Read Vergil in Averno: Book Two of the Vergil Magus Series Online
Authors: Avram Davidson
There dwells AEtes in the farthest
east Upon the banks of Ocean Stream
here the rays of the sun are stored
In a golden chamber
In that far-distant land whence the
Sun doth rise …
This he thrust into the neck of the glass bottle. It did not fit; he clasped his hands roundabout, brought his lips close, murmured a moment, then turned the container on its side; a tendency to roll he quickly checked by sliding slices of cabbage partly underneath it to right and left. Then, there on the wall (fortunately it was a wall that contained no painting, though evidently preparations for one had once begun, for there was a whitened area surrounded by a border of Attic fret) — there, on the wall, contained within the border, there appeared, quite bright, and quite distinct, something that produced from the audience not a single, single, sound, not even
“uh!”
For a long moment Vergil thought that they were overpowered by what they saw. In another instant he realized that they had no notion at all of what they were seeing, for they had never seen anything of its sort before, not in any form at all. Most people, for that matter, had not.
“This,” he said, speaking somewhat slowly, “is what is called a
map
….” A grunt or two, or three. Then again silence.

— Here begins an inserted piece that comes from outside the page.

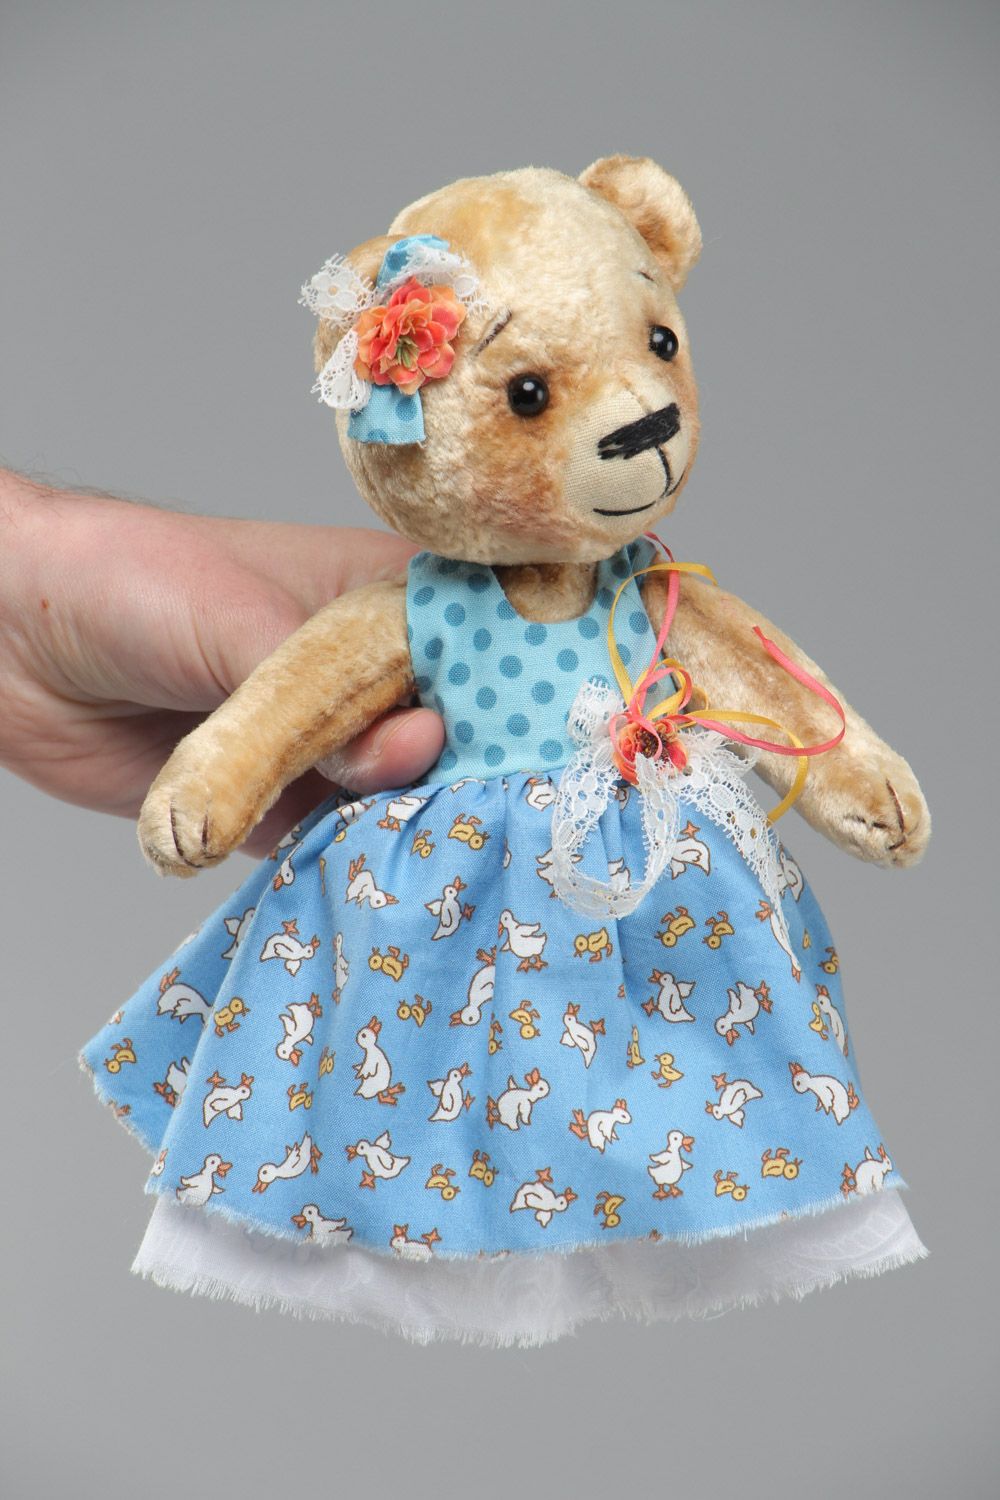 Plüsch Kuscheltier Bär im Trägerkleid handmade für Kinder schön foto 5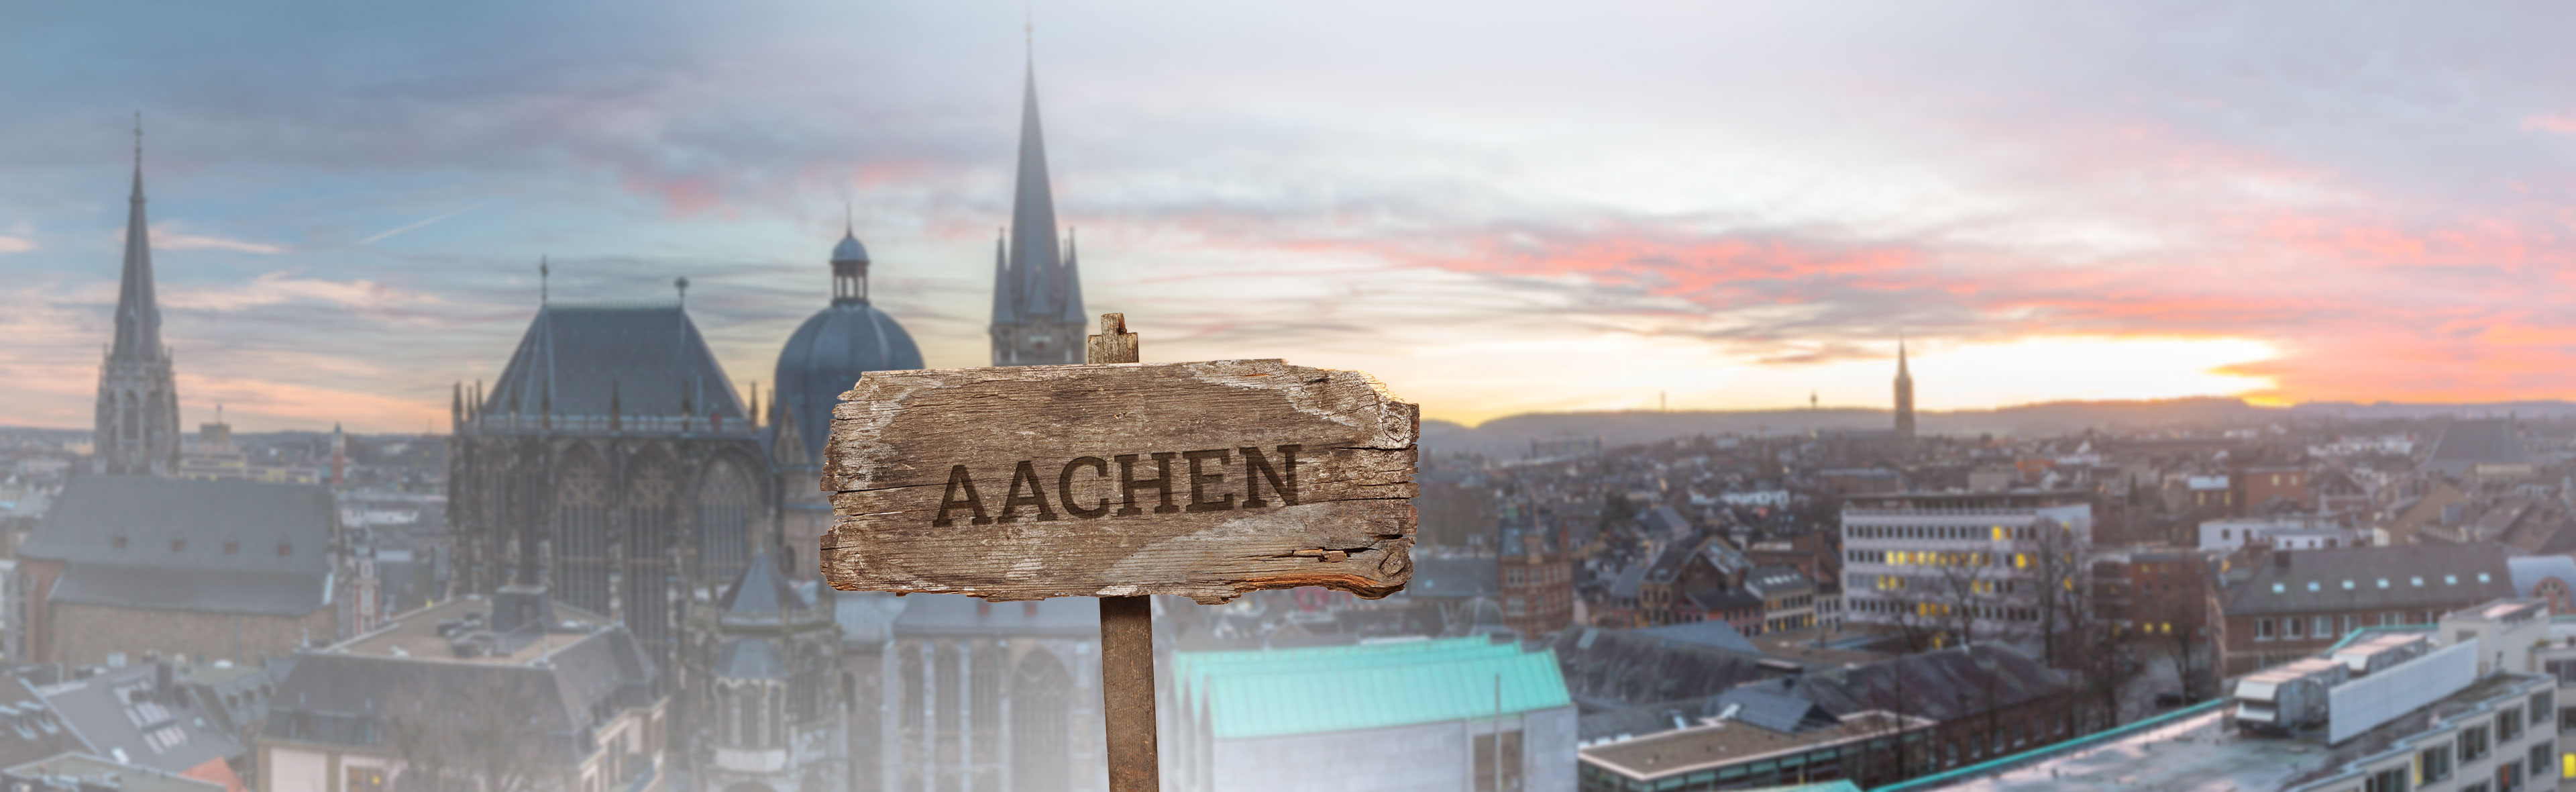 Bienenpatenschaft Aachen

“This is what Averno might look like from one of the hilltops, if …” His voice trailed off; from the audience had come a “
nuh!”
part-puzzled, part emphatic. The
might
had made no impression; in truth, what was displayed on the wall, the light magnified, reflected, refracted, expanded and projected along the long neck of the glass bottle and its stopper and passed through the transparent charts onto the whitened wall-space, was
not
“what Averno might look like from one of the hilltops.” Not without the automatic exercise of an imagination already enriched by a knowledge of, and experience with, maps or charts. Absorbed in the tasks of, first, preparing the diagrams, and, secondly, now, illuminating them upon the wall surface, Vergil had neglected, had forgotten, that neither such knowledge nor such experience was common enough to be taken for granted. Should he now try to explain? Begin to try to explain?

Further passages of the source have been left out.